Мир Тизалотопи, приютивший гнолла, два тысячелетия кряду принадлежал депосам. Эти существа отдаленно напоминали людей – являлись прямоходящими и разумными. Их тела покрывала короткая жесткая шерсть, голова, грива и хвост были схожи с лошадиными. Повадки депосы переняли у человеческих предков: общались посредством богатой речи, скрывали наготу за слоями одежды, цивилизованно ели из тарелок с помощью ножа и вилки…

“А еще бросали маленьких детей на произвол судьбы, – думал Джипс, глядя на Ники. – Жаль, что мне никогда не заменить ему родителей. Я даже не знаю, правильно ли воспитываю его, ведь я гнолл, а жить пареньку предстоит среди своих сородичей”.

Ники был типичным представителем депосской расы. Вороной масти, шерсть угольно-черная, без единой белой отметины. Солнце силуэтом очерчивало его вытянутую мордочку, играло бликами в больших темно-синих глазах. Как у всех депосских детей, гривка Ники еще стояла торчком, не желая опускаться на тонкую шею. Веерок хвоста путался в ногах, когда мальчик, вдруг оставив свое занятие, побежал к крыльцу.

– Ну что, ты вспомнил? Расскажешь мне? – выкрикнул Ники, приземлившись на прогнившие доски возле Джипса. Шорты мальчика были мокрыми от брызг, как и низ футболки. Одежда на маленьком депосе высохнет, не успеет Джипс добраться и до середины истории. Гнолл знал, что сегодня на свою беду задолжал Ники особенную легенду.

– Ты дал мне не так много времени на раздумья, – отмахнулся Джипс.

– Если ты забыл, то наверняка это есть в твоих книгах. Я видел на картинках.

“Нет, Ники. Я соврал тебе, в надежде, что это ты забудешь. Сам я таскаю те знания с собой, точно утопленник камень”.

– Слышал ли ты что-нибудь о людях, Ники? – спросил Джипс, смирившись со своей участью.

Вороной депос не задумывался ни секунды. Воистину, он был хорошим учеником:

– Лысые, с плоским лицом – мои дальние предки, – Ники сдержал смешок. – И… Уродливые еще.

– Насчет последнего пункта я бы поспорил. Мы не должны осуждать других только потому, что их вид для нас непривычен.

Гнолл провел ладонью по своему вытянутому клыкастому лицу, так отличающемуся от лошадиных лиц тех, кто некогда заселил этот мир. А потом бросил взгляд на мальчика. “Но можем и судим, Ники. Надеюсь, тебе никогда не доведется узнать…”

Вороной депос смотрел на Джипса во все глаза, ждал потока слов, которые унесли бы его в другую, лучшую реальность.
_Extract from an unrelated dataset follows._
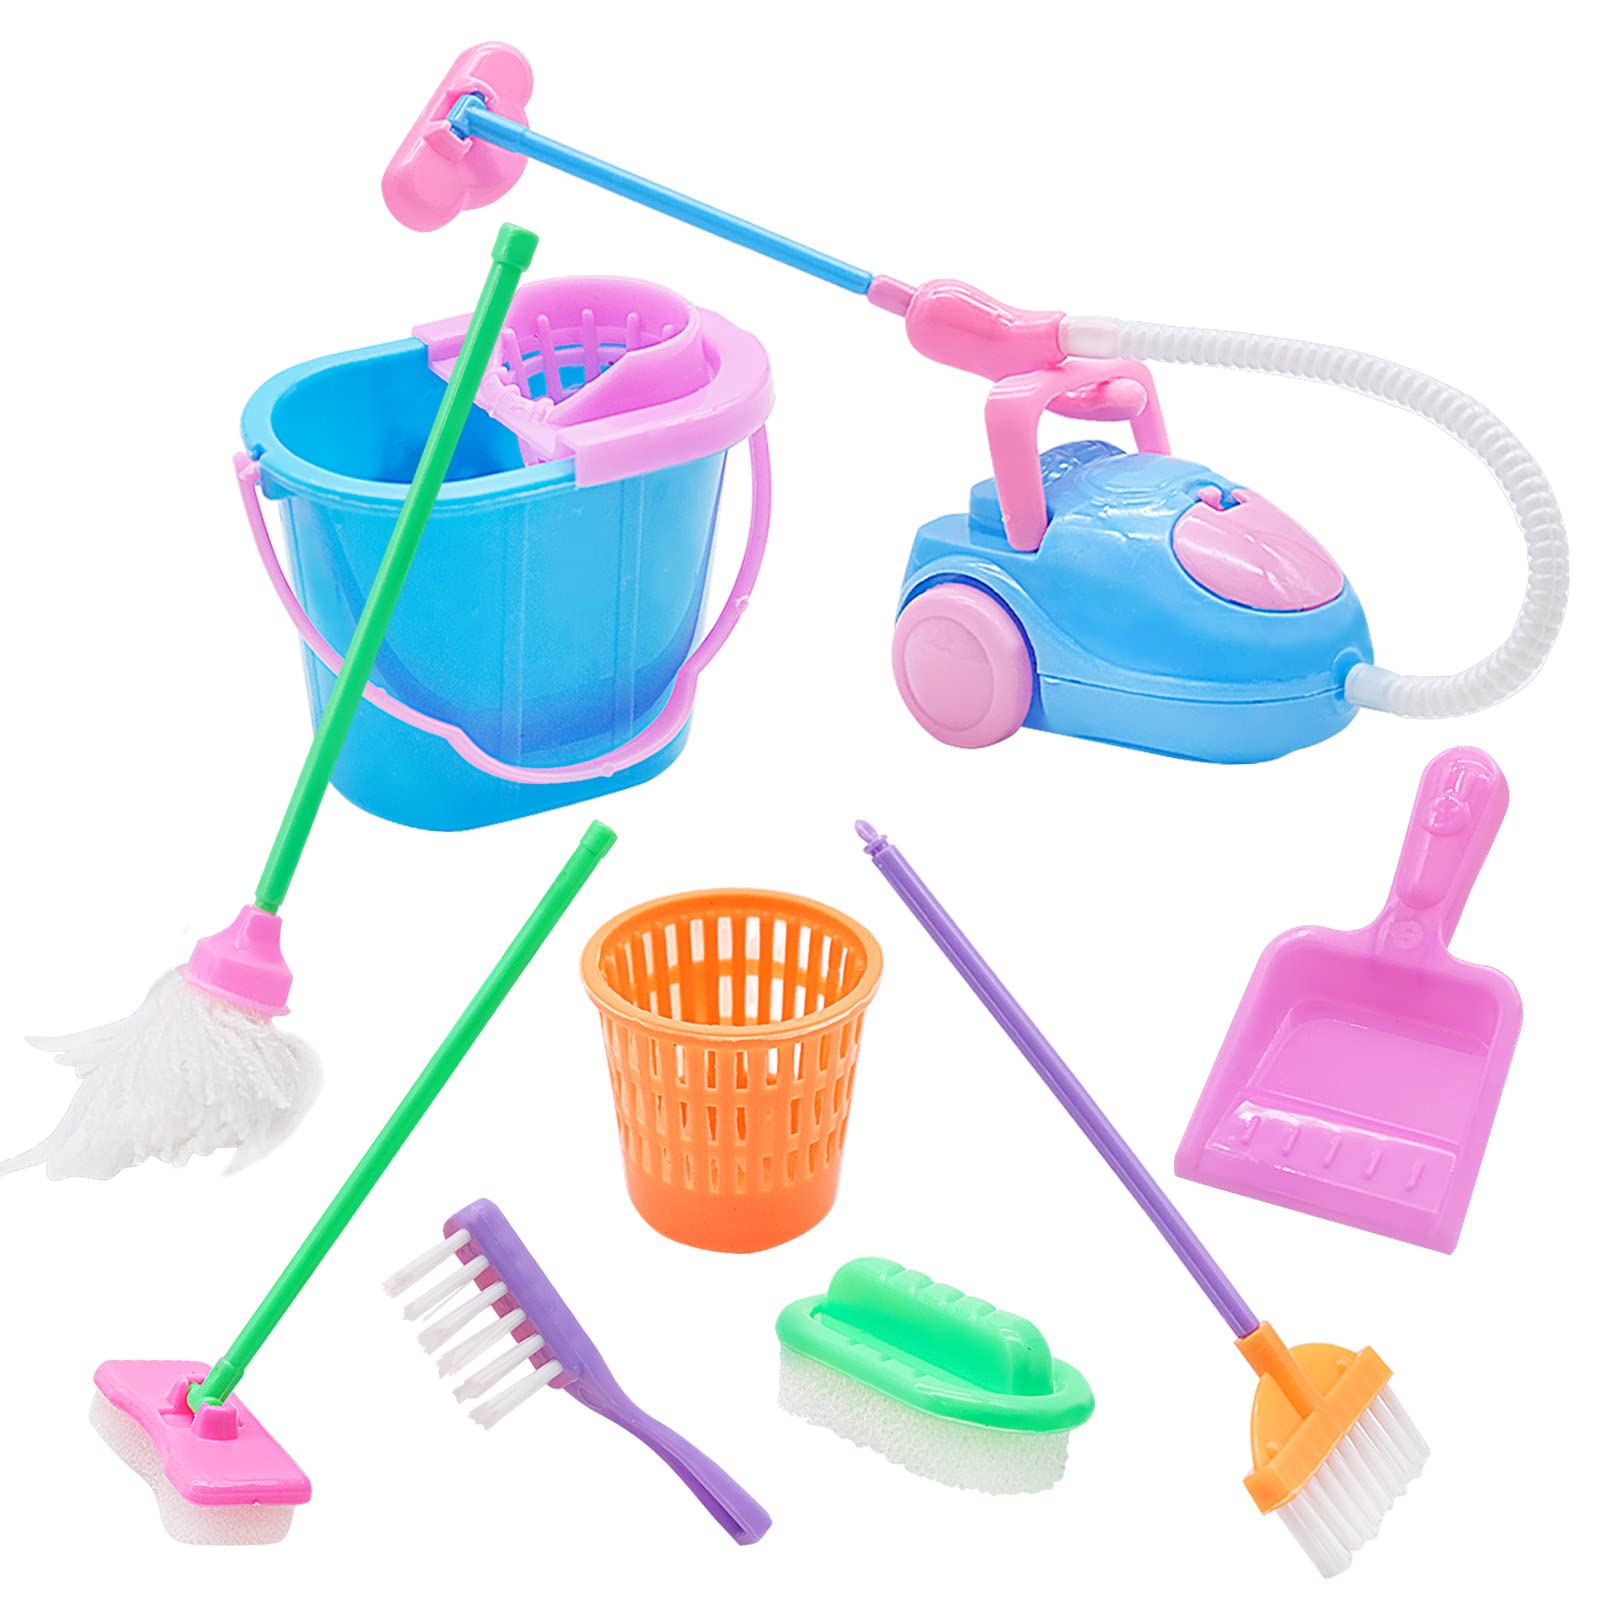 9 Pieces Miniature Dollhouse Cleaning Supplies, Mini Mop, Dustpan, Brush, Broom and Bucket Housework Tools, Doll House Accessories Pretend Play Decoration
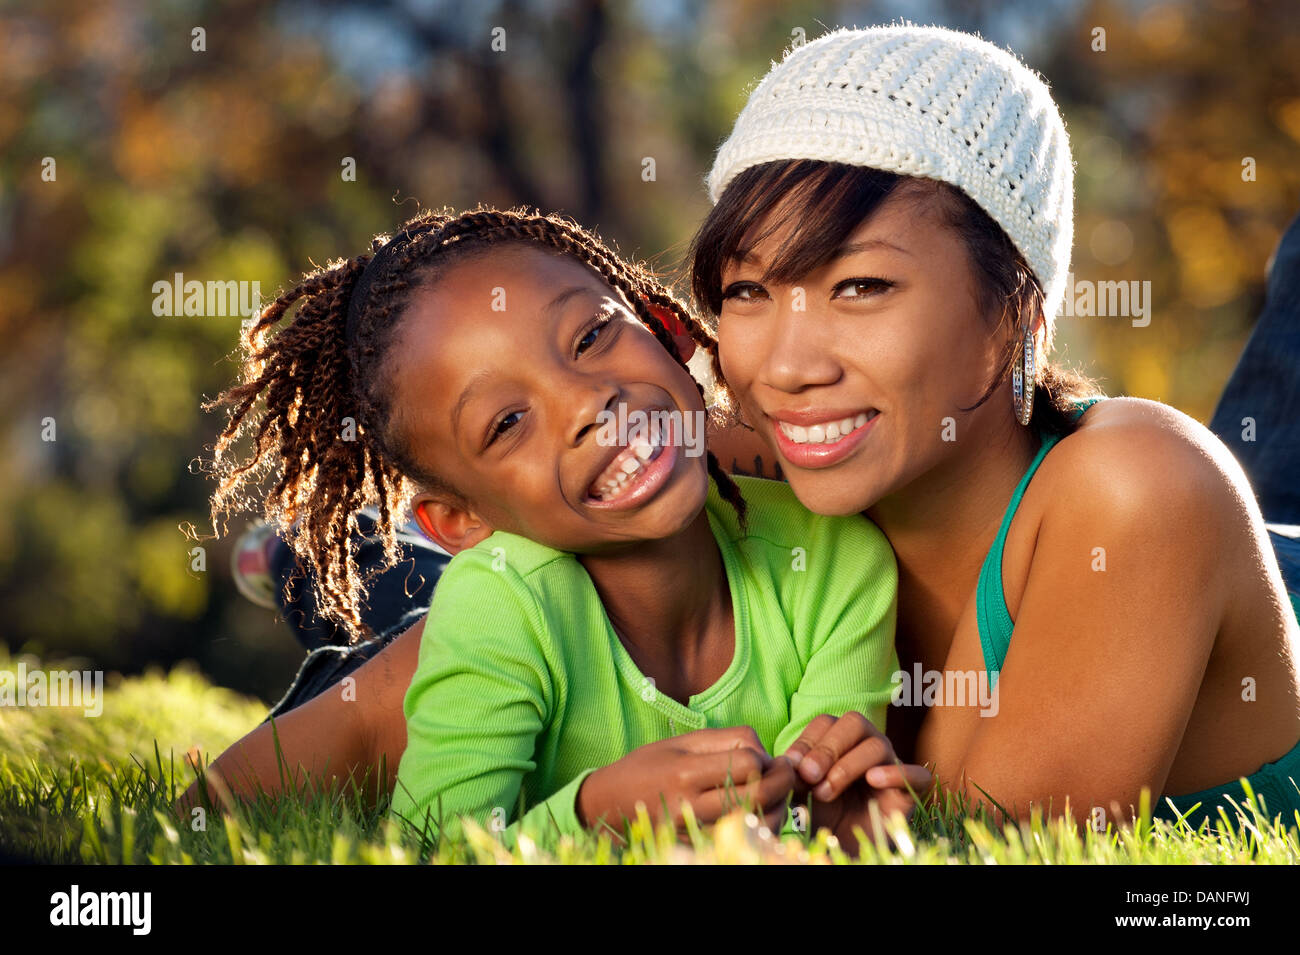 African American mother and child having fun Stock Photo

В тот момент Джипс отчетливо увидел, каким его воспитанник станет, когда вырастет – все так же будет любить слушать сказки.

– Здесь нет людей, – продолжил гнолл, и его сильный голос прогремел над перелесьем и вплелся в свист ветра. – Они остались за порталом, в одном из мириады миров, окружающих Тизалотопи, так далеко, что не найти дороги. Если сравнить людской мир с нашим, то они схожи, точно луна и ее отражение в водной глади. Только представь – от гор до низин, ручьев и океанов, дворцов да хибар – все, что на ум придет – принадлежало людям. Ни гноллов тебе, ни депосов. Были только собаки, все равно что твой щеночек Флайк, кошки, свиньи, лошади – живность, не претендующая на то, чтобы научиться говорить, носить одежды или устраивать войны.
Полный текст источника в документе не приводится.